- Type Representation
Typical represents source language types using the variant type
raw_type
. For example, the type system for an implementation of
the Simply Typed Lambda Calculus with Integer and String values can be
expressed as:
mltype raw_type = IntegerT | StringT | FunctionT of type * type ;
The raw_type variant is sufficient to represent the type system of some
languages such as the Simply Typed Lambda Calculus, ML and Typical
itself. For other languages, however, we need to capture information about
attributes; for example, C's qualifiers and storage classes.
For representing attributed type systems, Typical provides the
attribute
and eqattribute
constructs. For example,
C's type system could be expressed as
mltype raw_type = VoidT | IntT | PointerT of type | ... ;
mltype storage_class = Auto | Extern | Register | Static | Typedef ;
mltype qualifier = Const | Volatile | Restrict ;
attribute storage : storage_class ;
attribute qualifiers : qualifier list;
The Typical compiler collects all attributes and combines them with the
raw_type
variant to create a record representation of types which
will be used by the typechecker.
mltype type = { type : raw_type; storage : storage_class; qualifiers = qualifer list; ... } ;
By default, Typical evaluates type equality as structural equality ignoring
attributes introduced with attribute
as opposed to
eqattribute
. This default behavior may be overridden for variant
types by using the equality
construct which specifies which
constructor arguments to compare. For example, consider the following
definition of C’s structure type:
mltype raw_type = ... | StructT of int * string * member list ;
Consistent with the C standard, it uses its integer argument as
a nonce that distinguishes between structures that have the same
name and members but are declared in different scopes.

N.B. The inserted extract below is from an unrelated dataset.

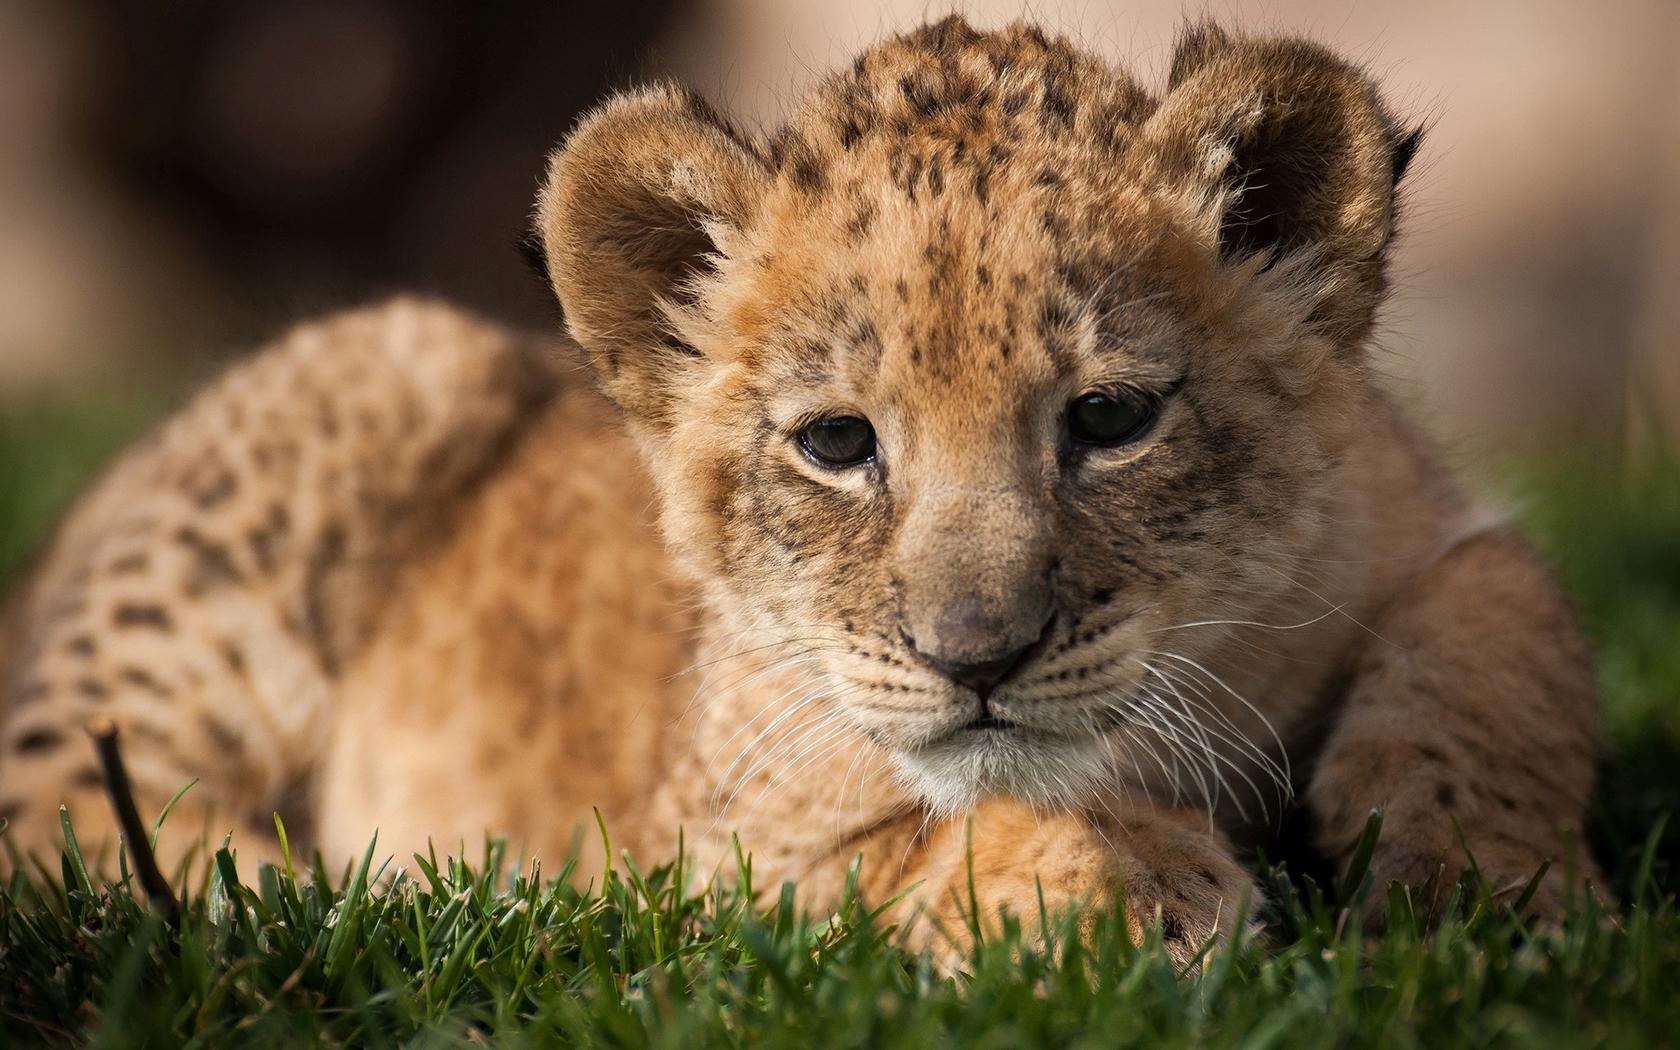 Lion cub Widescreen Wallpaper   10069 1680x1050

The corresponding
equality declaration (meaning two StructT
s compare equal if they
have equal
first arguments) reads:
equality raw_type = ... | StructT (n, _, _) ;
- Name Management Features
Typical supports name management by providing (1) a symbol table that is
implicitly available to all programs, (2) the scope
construct to
declare which AST nodes introduce which scopes, and (3) the
namespace
construct to declare individual namespaces, the types
of their values, and which AST nodes specify which names.

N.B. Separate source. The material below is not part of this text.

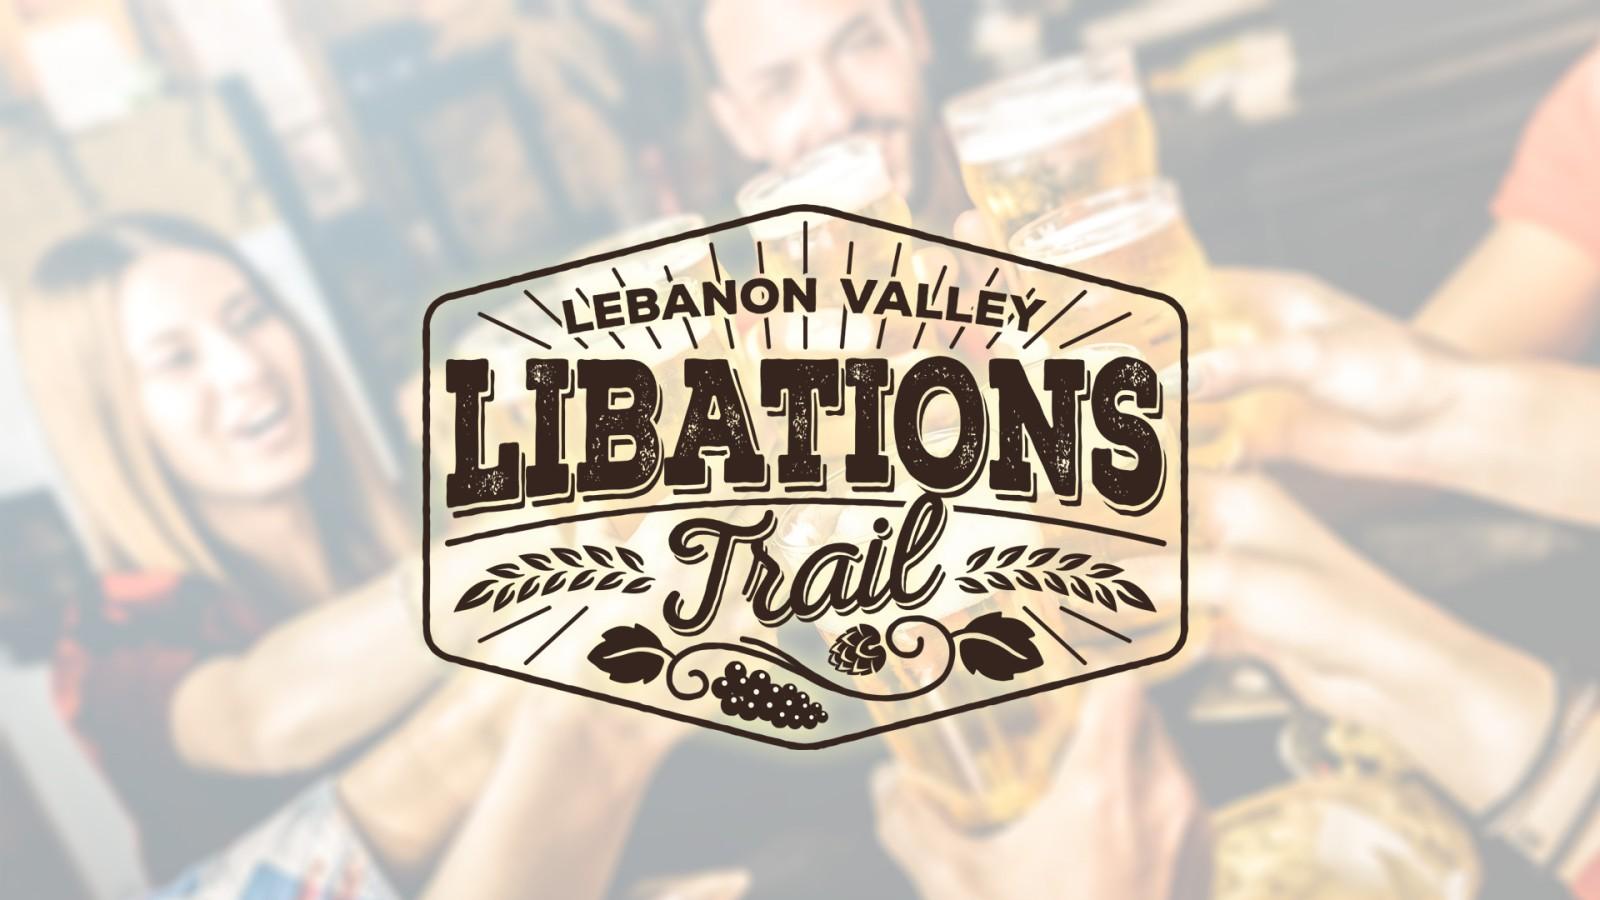 Visit Lebanon Valley, Pennsylvania

Typical provides the following constructs for symbol table operations:
define
, redefine
, lookup
, and lookup_locally
. The constructs have the structures shown:
define no type [error|warn "error message"] [at loc]
redefine no type
lookup no [error|warn "error message"] [at loc]
lookup_locally no [error|warn "error message"] [at loc]
Both define
and redefine
take a node argument (no), a value argument (type), and optional error messages and source location nodes.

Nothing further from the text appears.